Centurion, 1899–1937

born April 28, 1852
New York (Manhattan), New York
died June 16, 1937
New York (Manhattan), New York
elected April 1, 1899
Age forty-six
proposer of
Member portrait of Morgan J. O’Brien
Member Photograph Albums Collection
To inquire about image use and/or publication, contact the Archivist.

Century Memorial

It would be difficult to recall many dwellers in this city who have been more respected and beloved than Morgan Joseph O’Brien. He had a talent for friendship; his social gifts were based on a sympathetic and indulgent outlook. Up to the last, his sense of humor never failed him; all who knew him well will remember the rollicking fun of his genial conversation. He was one of the very early golf players, and in the first years of the Shinnecock Golf Club he was a popular figure. Annually, he gave a luncheon to all members of the Club, including a number of people prominent in New York life. O’Brien described those occasions as “Harvest Home Luncheons.” He was usually called upon to sing, in a rather weak tenor voice, various humorous songs, probably composed by himself.
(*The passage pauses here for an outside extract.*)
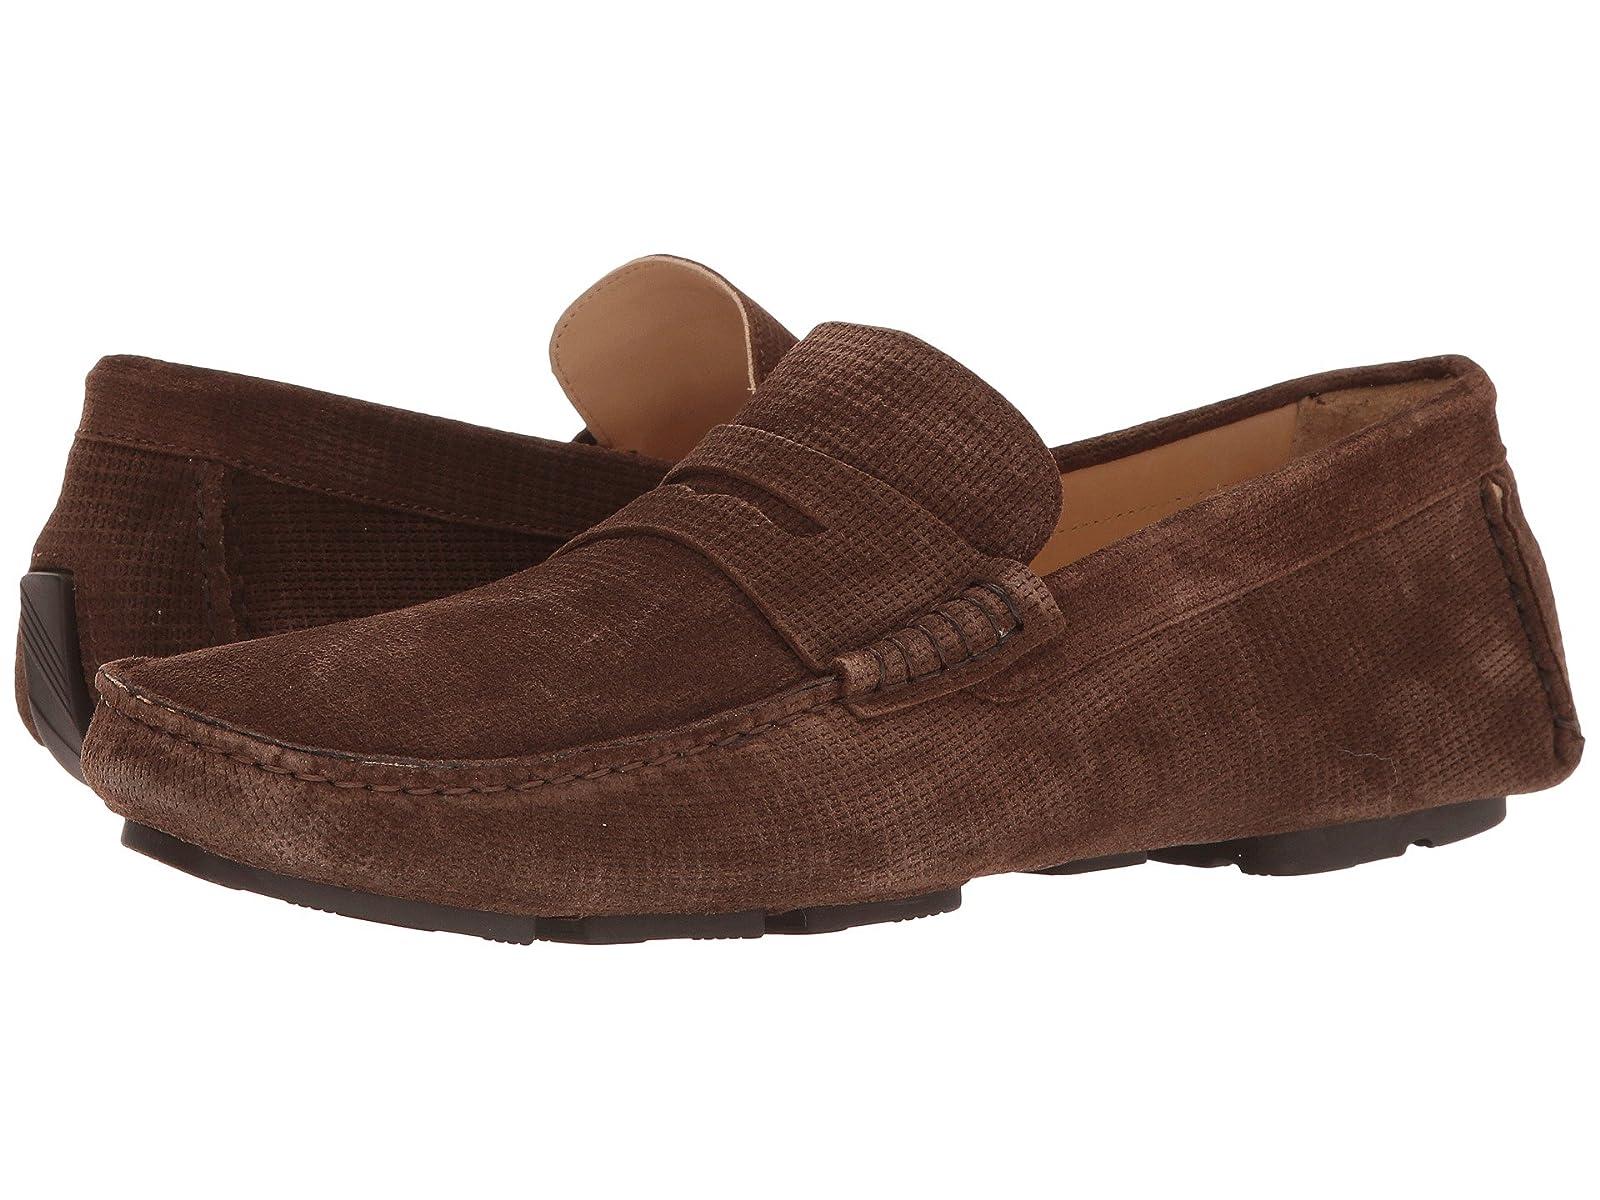 BUGATCHI St Tropez DriverAtmospheric grades have affordable shoes

But Judge O’Brien’s part in his community extended also to every phase of civic activity—to charities, to education, to religion, and to the uplifting of the unfortunate. Born in this city twenty years after his father had left Ireland, O’Brien was brought up in an atmosphere of sympathy for Ireland in her troubles; he himself inherited some of the most lovable qualities of the race. After a brief but active practice at the bar he was appointed by Mayor Hewitt as Corporation Counsel, but held that office only for a brief period until he was elected Justice of the Supreme Court at the early age of thirty-six. He was the youngest man ever chosen to that important office. As Judge, he exemplified the quality which suffused a spirit of informality, without abating at all the maintenance of dignity and order. In performance of his judicial functions he was industrious and fair; he had the gift of applying to questions, both of law and fact, a common sense which avoided circuitous or subtle methods of approach. As Presiding Justice of the Appellate Division of the Supreme Court in the First Department, he made high reputation for maintaining the dignity of the court while inspiring confidence, among lawyers and litigants, that their cases would be carefully considered. He had that most valuable quality in a presiding judge, the tact and sense of fairness which was often able to compose seemingly irreconcilable differences among the members of the court.